Был мороз, лютый украинский мороз — тридцать пять градусов ниже нуля. Близ деревни Руда залегли солдаты. Место было ровное, открытое, ветер дул со всех сторон, но приходилось лежать не шевелясь и ждать сигнала к атаке. А танков все не было и не было. Фрицы как пить дать сидят в теплых хатах и обжираются награбленным, бандиты!

Несмотря на рукавицы, мороз кусал пальцы, хватал за мочки ушей под ушанкой, щипал нос, обжигал легкие. Даже зубы ныли от стужи. Дыхание вырывалось изо рта таким густым паром, что казалось, его можно резать ножом. Кругом было тихо (отдаленную канонаду Ондржей не принимал в расчет, она всегда слышна на фронте!), и весь промерзший до костей мир словно бы навеки окоченел и застыл под властью зимы. Ондржею пришлось призвать на помощь все свои воспоминания о весне, чтобы поверить, что вон та суковатая яблоня, на которой сидит наблюдатель с биноклем, когда-нибудь покроется бело-розовыми цветами и на них прилетят пчелы, а скованная земля обмякнет, зазеленеет и заволнуется всходами. «Придет весна, придет солнце, снова будет ясный май», — вспомнилась Ондржею старая песенка, которую тонкими голосами пели школьники в Льготке. Бог весть из какого уголка памяти вытянул он эту совсем не военную песню.

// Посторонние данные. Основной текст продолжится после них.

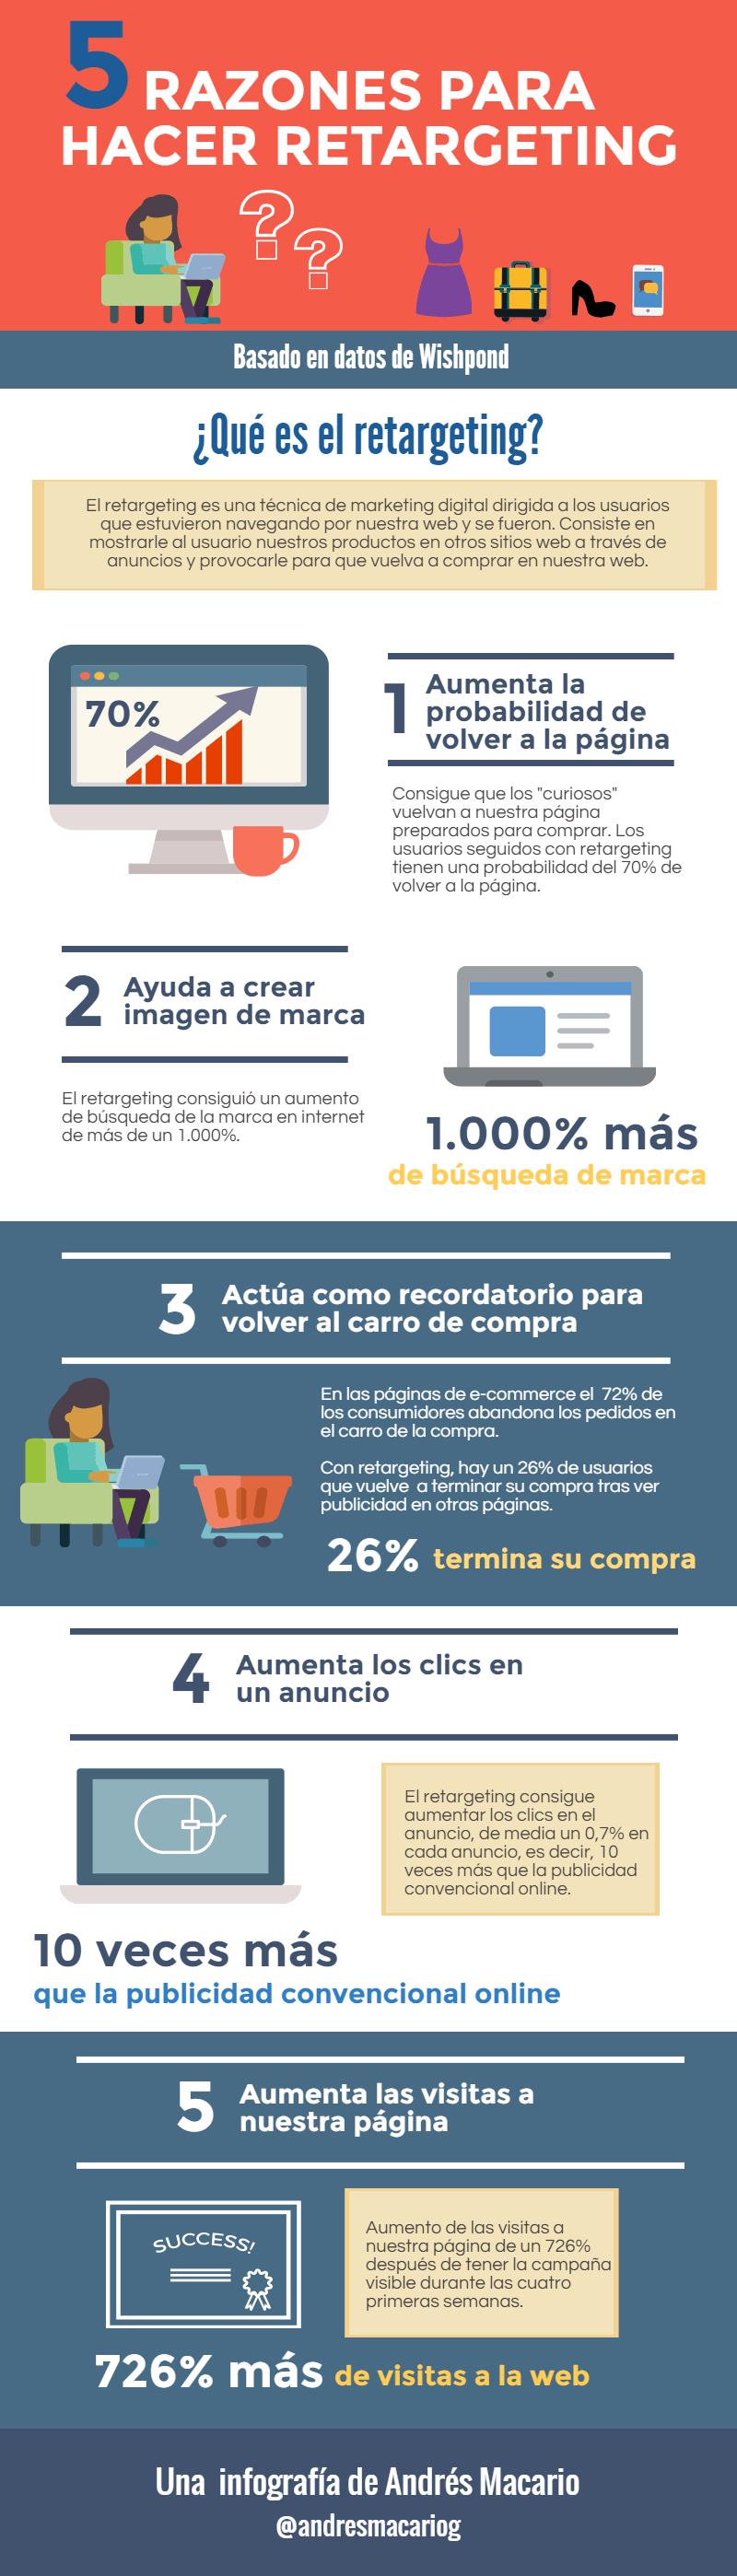 5-razones-para-hacer-retargeting-infografia-andres-macario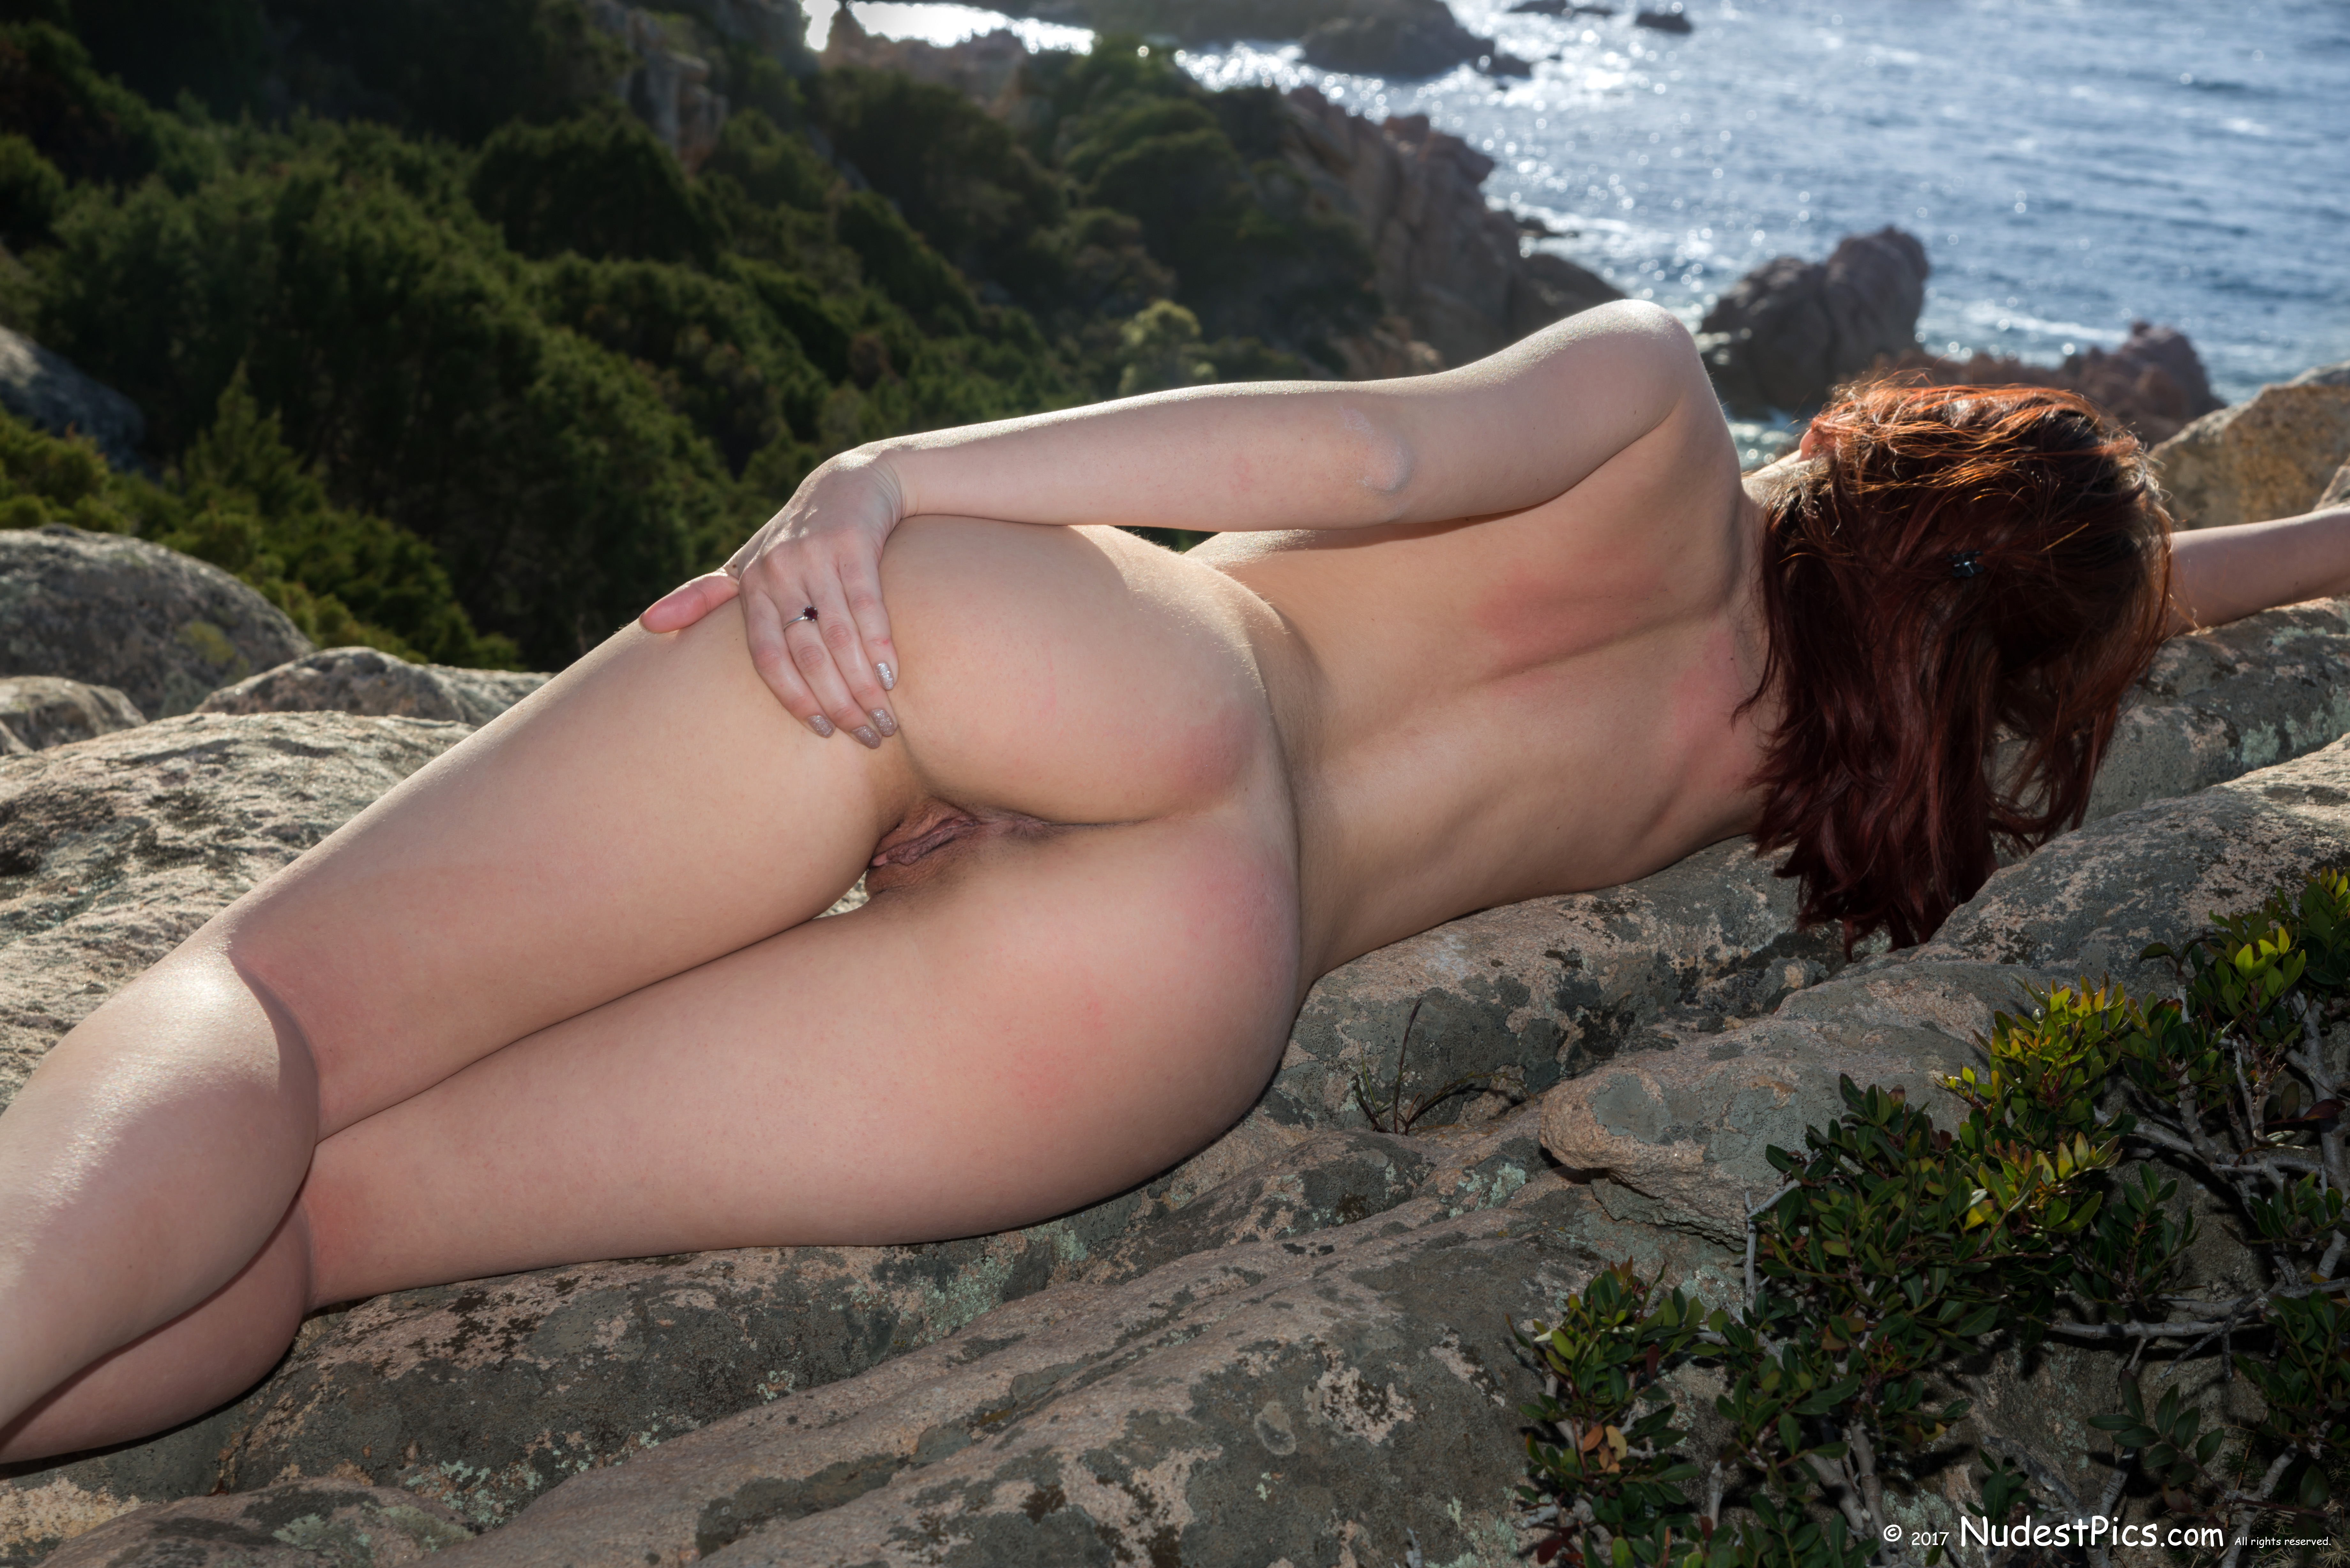 Naughty Nudist Spreading Ass Sunbathing on Rocks

Ондржей вдруг невыразимо затосковал по Чехии. Еще осенью, когда они в темноте форсировали Днепр, перейдя с левого берега на правый по понтонному мосту, который советские саперы навели ночью и опять с виртуозной быстротой разобрали к утру, чтобы днем его не разбомбили немцы, — еще тогда сосновый лес под Лютежем, где на берегу широкой реки закрепилась рота Ондржея, чем-то напомнил ему родину. Он и Людек копали землянку, лопатами срезая с сыроватой, пахнущей плесенью лесной земли кустики брусники, синеватый, чуть пожелтевший от октябрьских ночных заморозков вереск и листья земляники. И Ондржею казалось, что он откапывает из глубин памяти, заполненной благоуханными эвкалиптами Зеленого мыса, кусочки Ул, кусочки Нехлеб, кусочки родной Льготки. Война оторвала его от Грузии, и больше он не вернется туда; вся эта красота терзала бы ему сердце, всюду бы ему мерещилась Кето. С того дня, как Ондржей узнал, что весь транспорт раненых, который сопровождала Кето, погиб при воздушном налете, он решил пробиться на родину вместе с товарищами и остаться там. Ведь из дому его выгнала безработица, а после войны рабочие руки будут нарасхват. Только смотрите не отмерзайте, проклятые руки! Автоматчику нужны ловкие и гибкие пальцы, верный глаз, ясная голова.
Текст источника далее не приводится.